Music Reviews
I Am Easy To Find

The National I Am Easy To Find

(4AD) Rating - 8/10

Where are The National supposed to go from here? It’s a question that has followed the band throughout their career, but so far they’ve always seemed to come up with the right answer. 2017’s Sleep Well Beast very much seemed like the pinnacle: they were festival headliners, they won a Grammy and, after previous albums were fraught with in-studio tension, were able to work together with relative ease. For once, everything seemed to be going well. So where were The National supposed to go?

On I Am Easy to Find, director Mike Mills came to the band with a concept for a film that comprises of a life told through a series of moments. Some of those 164 moments would be seemingly minor (the first lie told) and some much more major (the loss of parents). It was the kind of ambitious premise that The National needed to avoid treading water.

The easiest way of describing the role of the music in the film is that Mills was given access to every stem and sketch of the band’s recordings, on which he edited and put them together however he saw fit. Otherwise, it’s mostly business as usual, with the band retaining control and producing a more conventional record than the film’s soundtrack (Mills is listed as a producer, but his musical influence was limited).

For the first time, The National introduces formal guest vocalists to accompany Alicia Vikander’s performance because, as the band admits, it would have been strange to have a women’s life narrated by Berninger’s increasingly weary baritone. While it has been one of the most common discussions ahead of release, the use of those guests feels incredibly natural. The National has always been a band that requires some patience, but within two or three listens, it’s easy to forget it hasn’t always been this way. Matt Berninger has always been the band’s touch paper—so it’s understandable it may give fans some pause—but it's a change that allows them to play around more than ever before. And they really do.

In places, this album is a refinement of the previous two. Quiet Light's aching description of a relationship breakdown would have fit in perfectly on either, but with strings instead of the harsh electronics, the patience pays off. Most of these songs sound a little lighter, avoiding being as claustrophobic or as boxy as Sleep Well Beast.

Berninger’s lyrics always require listeners to suspend any skepticism and go along with whatever strange metaphor or line of thinking he goes down, and here it is no different. But while the writing on Sleep Well Beast often aimed for bare and heartbreaking, it often landed as frustratingly obvious. That’s no more apparent than with the return of a spoken word monologue on The Pull Of You, which unlike the clunky Walk it Back, contributes to the band sounding as thrilling as they have sounded in years.

It’s worth noting that many of the lines that sound uniquely Berninger come from wife Carin Besser, especially deliberately elaborate “You had no idea how hard I died when you left” (You Had Your Soul With You) and the tragically self-indulgent “I’m the rocks they weigh down the angels with” (Hey Rosey). That being said, Berninger still produces one of the most subtle but devastating lines he has ever written on the title track: “I’m still waiting on you every night with ticker tape."
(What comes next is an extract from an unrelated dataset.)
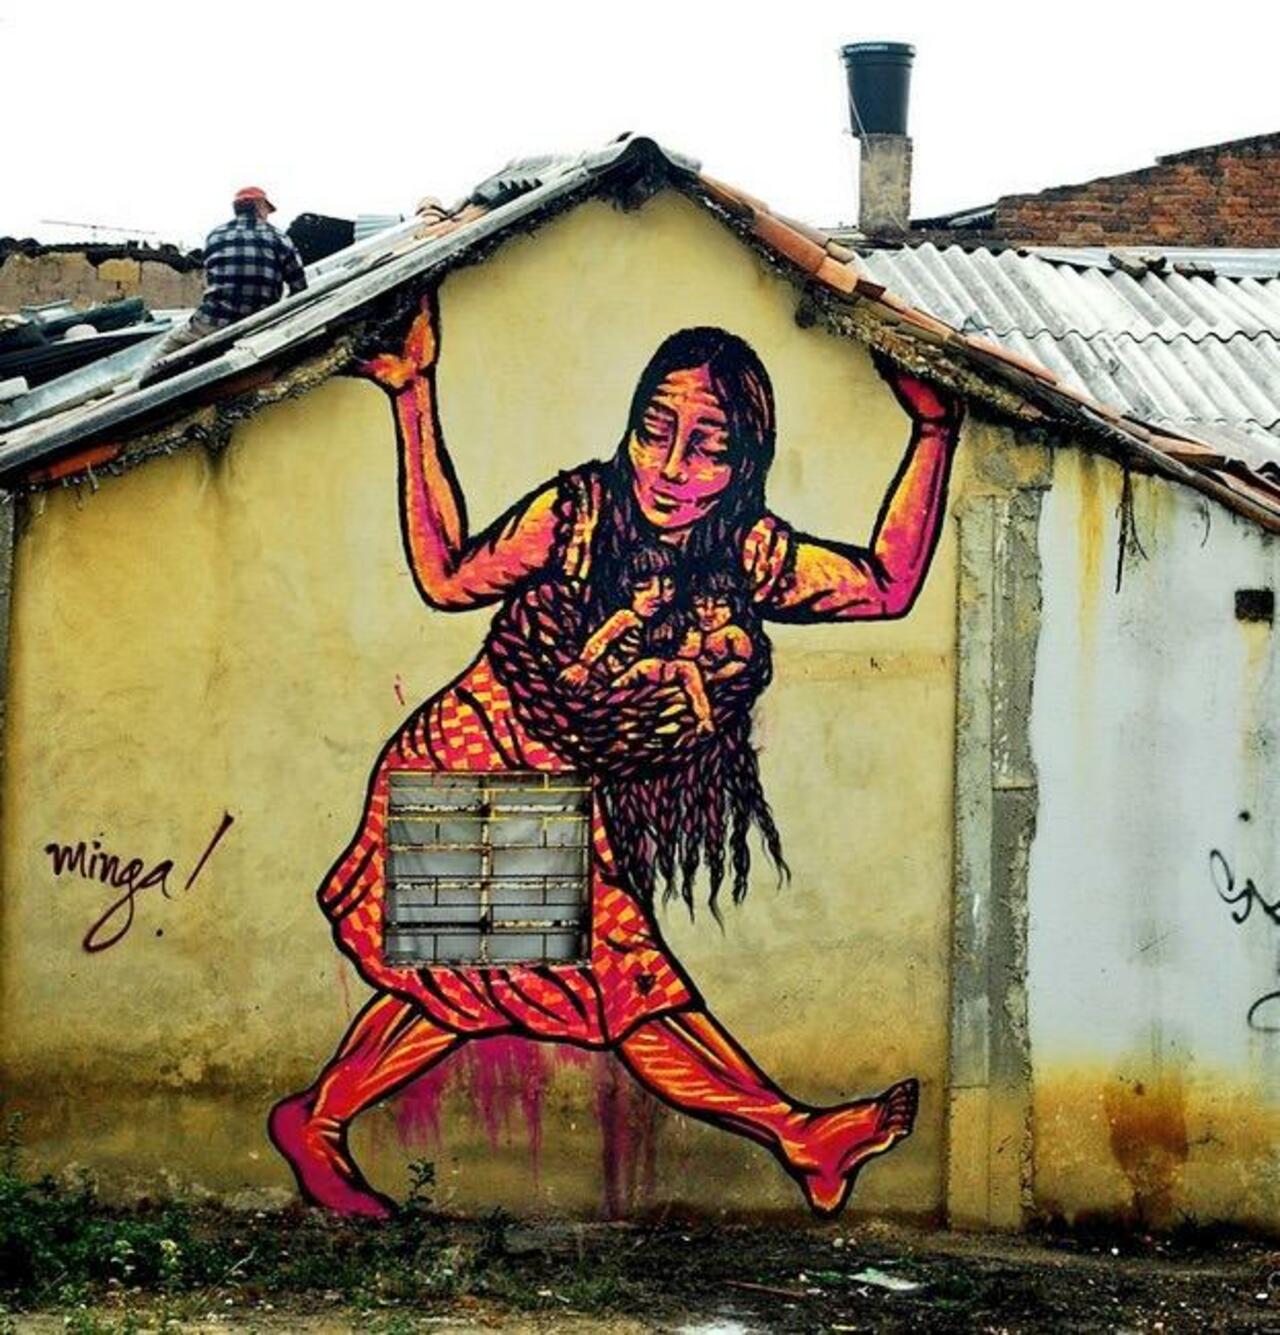 “@Pitchuskita: BASTARDILLA
Colombia
#streetart #art #graffiti #mural http://t.co/kobYBqI0Sd”

Many of the guest's voices have been so altered that they’re unrecognizable, which is likely to divide opinion. Gail Ann Dorsey’s appearances stand out, though—on You Had Your Soul With You, her voice cuts through and breathes new life into the established National formula, seemingly giving everyone a lift. It may have been a chance meeting between Aaron Dessner and Dorsey, but how perfect of an accompaniment she proves on both Hey Rosey and Hairpin Turns. It could be enough to make you believe in the so-called butterfly effect displayed in Mills’s film.

If this really is supposed to be life surmised into a series of moments, then it’s probably not surprising that there are a couple of missteps. Oblivions and Roman Holiday never quite reach as interesting a conclusion as they probably should, and their placing at tracks three and four puts the album immediately on the backfoot. The interludes (Dust Swirls In Strange Light, “Her Father In The Pool, Underwater) may have a place in a film, but on an already lengthy album, it seems like unnecessary baggage.
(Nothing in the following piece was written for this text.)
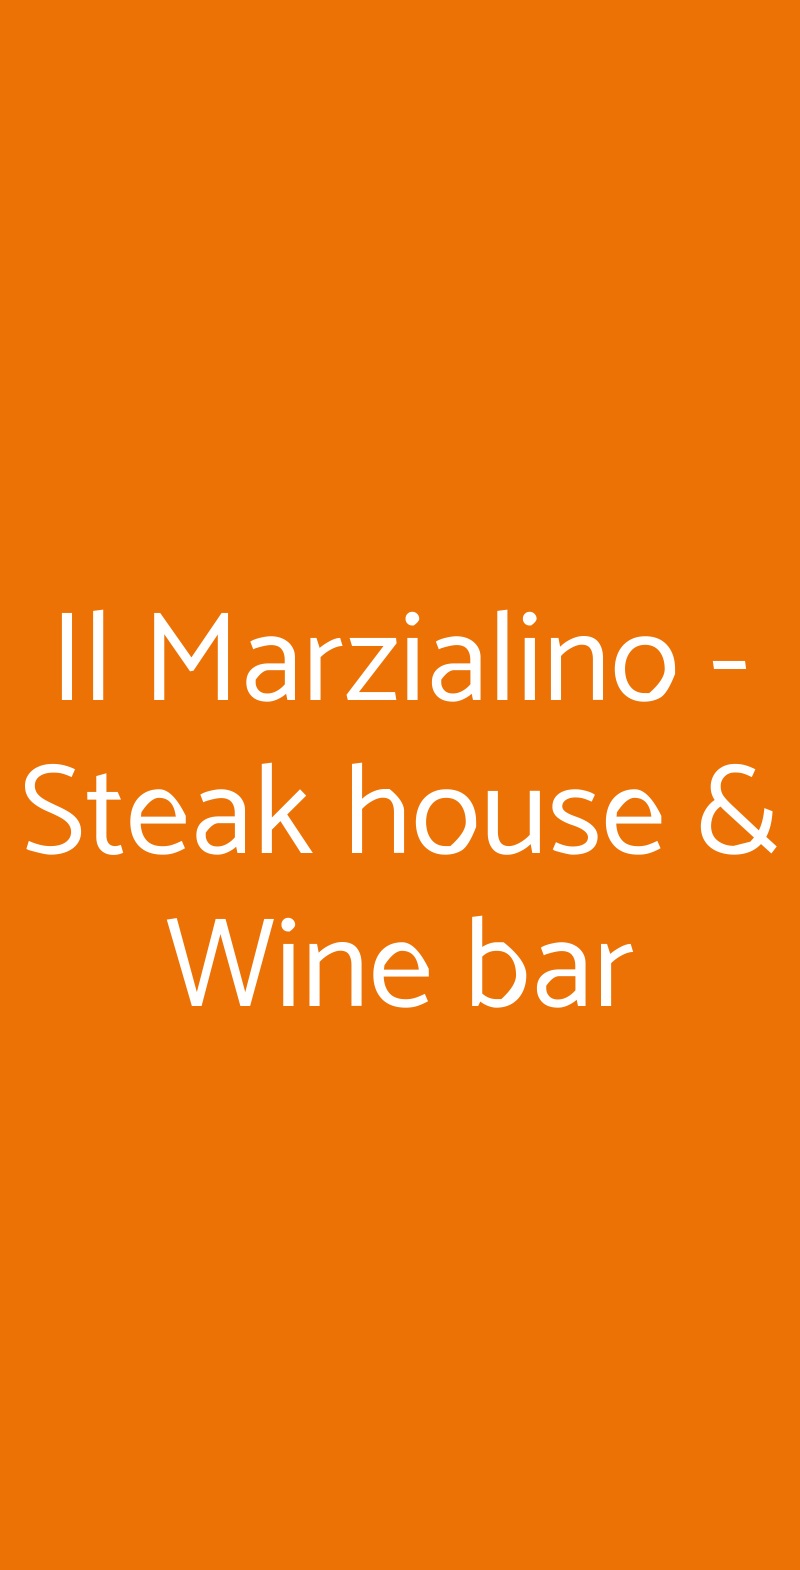 Il Marzialino - Steak house & Wine bar Sorrento menù 1 pagina

There’s also Not In Kansas, a six-minute stream of consciousness that is as subtle as a song that at one point compares The Strokes’ first two albums to the New Testament. Hearing Berninger, a man who has held little back in the past, be this confessional is insightful, although the partial-cover of Thinking Fellers Union Local 282’s Noble Experiment means the song is a little sickly by its end.

For a band notable for their impressive consistency, this is undoubtedly their most uneven project. The interludes often break momentum (Her Father In The Pool lands in the middle of what would have been a stellar four track run) and the production also often sounds uncharacteristically rough, and the dips in quality are especially notable. There is undoubtedly a ten-track album within this that could be their most exciting and interesting in a decade, but you’ll have to wade through half-finished ideas to find it —which for some won’t be worth the effort.

I Am Easy To Find resembles a closing-down sale, with ideas being thrown around whether they fit or not—even the inclusion of Rylan (first recorded during the High Violet sessions) comes across as a knowing nod. It would be rash to immediately start writing The National’s obituary, but this really does sounds like the band is preparing to wind down, for a period at least. It seems like we’re really no closer to answering that first question. Where do The National go from here? It could be a while before we find out.